I would avoid using a cursor, and work with views or materialized views if possible. Cursors is something that Microsoft doesn't optimize much in SQL Server, because most of the time, you should be using a more general SQL statement (SELECT, INSERT, UPDATE, DELETE) than with a cursor.
If you cannot perform the same end result even with using views or subqueries, you may want to use a temp table or look at improving the data model.
You don't provide much specific information, so all that I can do is give some general tips.
Are you updating the same data that the cursor is operating over?
What type of cursor? forward only? static? keyset? dynamic?
The UPDATE...FROM syntax mentioned above is the prefered method.
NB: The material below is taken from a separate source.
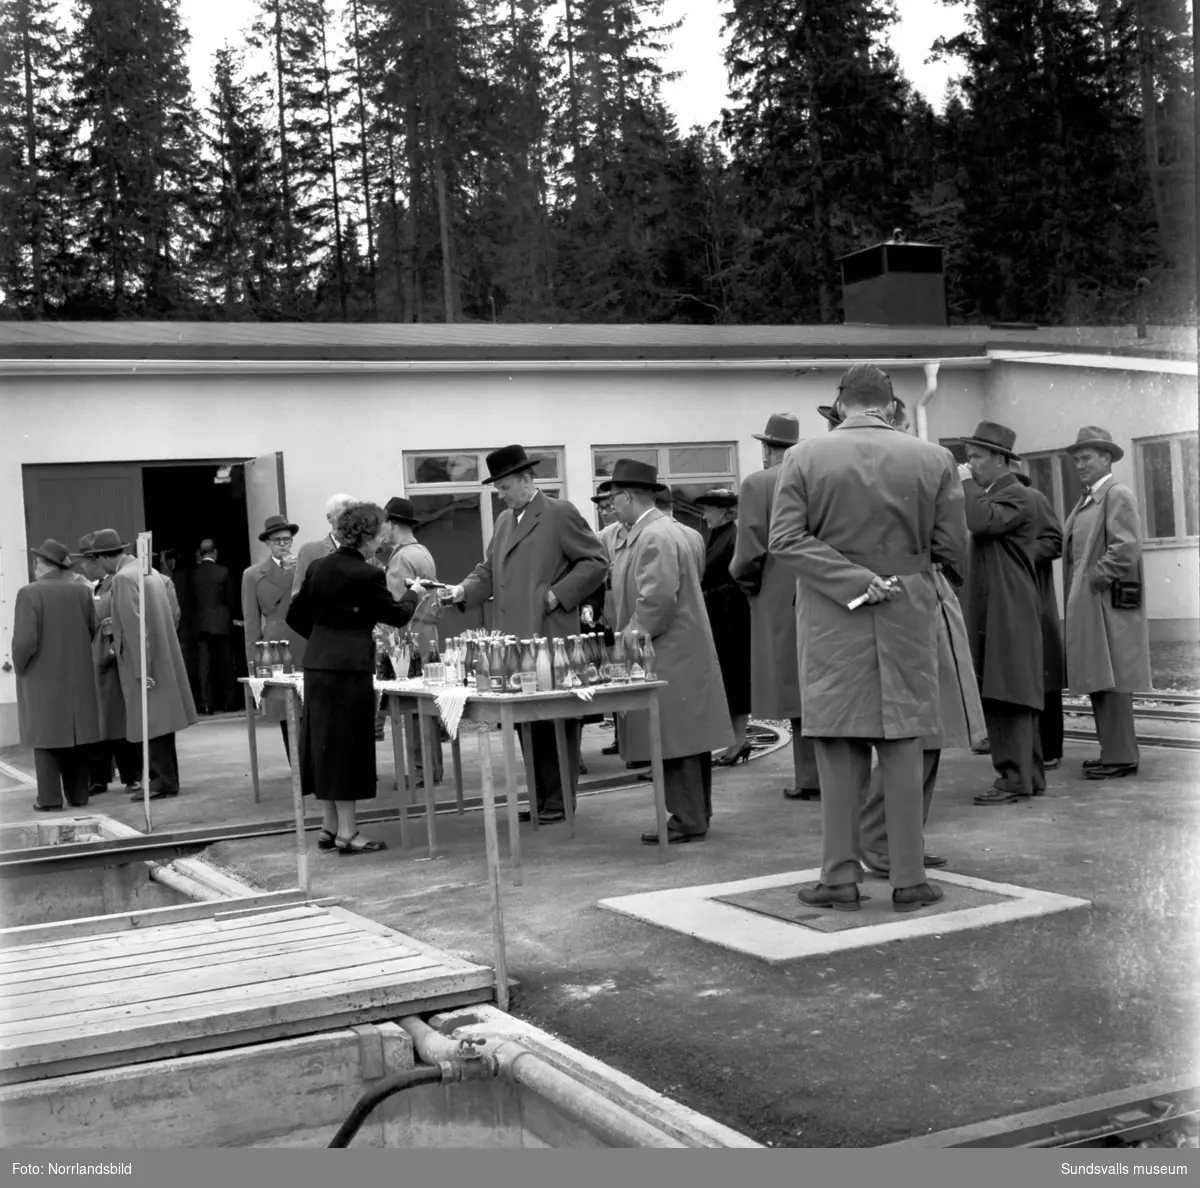 Premiär för Linjeflyg på Midlanda flygplats 1957. Pampig invigning med tal av såväl kommunikationsminister Gösta Skoglund som Linjeflygs direktör Sven Östling inför ett par hundra åskådare. Då var man fortfarande tvungen att åka färja ut till ön, bron kom i slutet av 1959.

You can also do a sub query such as the following.
UPDATE t1
SET t1.col1 = (SELECT top 1 col FROM other_table WHERE t1_id = t1.ID AND ...)
WHERE ...
Sometimes this is the only way to do it, as each column update may depend on a differant criteria (or a diferant table), and there may be a "best case" that you want to preserve bysing the order by clause.
Can you post more information about the type of update you are doing?
Cursors can be very useful in the right context (I use plenty of them), but if you have a choice between a cursor and a set-based operation, set-based is almost always the way to go.
But if you don't have a choice, you don't have a choice. Can't tell without more detail.